Friday, 11 May 2012

Works on RM1.5b Samalaju Port to start in January next year

KUCHING (May 11): Works on the interim facilities for the proposed development of the RM1.5 billion Samalaju Port near Bintulu is expected to start by January next year, BINTULU PORT HOLDINGS BHD [] chief executive officer Datuk Mior Ahmad Baiti Mior Lub Ahmad said on Friday.

He said the proposal on the general layout had been submitted to the State Planning Authority on Dec 8, 2011 while PricewaterhouseCoopers had already conducted all the relevant studies and recommendations, including for project funding.

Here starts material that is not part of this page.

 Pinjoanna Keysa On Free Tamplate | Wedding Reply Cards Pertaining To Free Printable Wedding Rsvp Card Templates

"We are now in the final stages of concluding the deal and the funding aspect has been discussed with our major shareholders involving Petronas, Sarawak State Financial Secretary and Kumpulan Wang Persaraan," he told reporters after Bintulu Port's annual general meeting here.

He said tenders involving several packages for the full development of the port, which was located under the Sarawak Corridor of Renewable Energy (Score), would be called soon.

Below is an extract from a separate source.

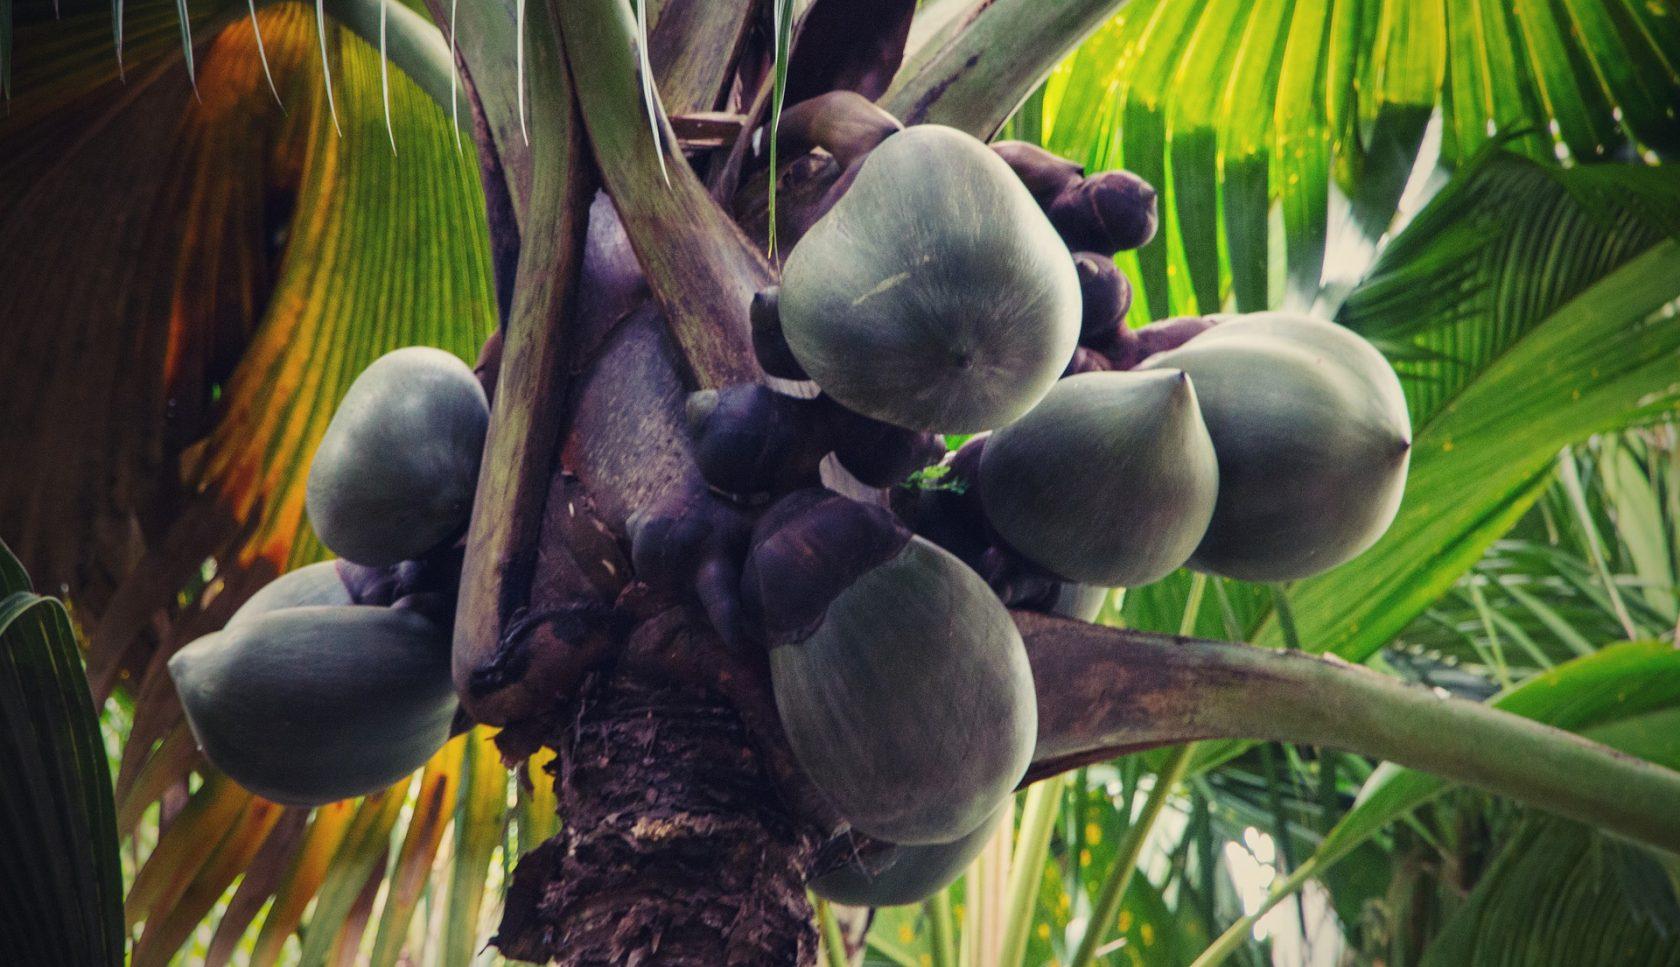 Rundreise Seychellen – Inselhopping Mahé, Praslin, La Digue

Once fully operational, he said, Samalaju Port was expected to handle an annual cargo throughput of 18 million metric tonnes compared with 16 million tonnes of non Liquefied Natural Gas (LNG) cargo currently being handled by Bintulu Port.

However, he was confident the cargo volume could rise up to 30 million metric tonnes annually, according to demand, in view of the potentials in the oil and gas industry as well as bulk fertiliser trade during the first phase of development.

The company had been given the task to build, own and operate the proposed port on some 450 hectares of land earmarked by the Sarawak government, he said.

He said Samalaju Port is to serve industries located at Samalaju Industrial Park, 60 km from Bintulu Port and its infrastructure development would be planned accordingly to serve the anticipated cargo generated by the industries within the Score.

Meanwhile, Mior Ahmad Baiti said crude palm oil (CPO) cargo had overtaken container cargo as one of the leading contributors to Bintulu Port's revenue.

With containers being handled at the port relegated to the third leading revenue contributor, he said, the sector saw a drop to 215,451 TEUs (20 foot equivalent units) in 2011 from 251,296 TEUs in 2010.

The group cargo throughput rose by 2.65 per cent to 41.70 million tonnes in 2011 from 40.61 million tonnes in 2010.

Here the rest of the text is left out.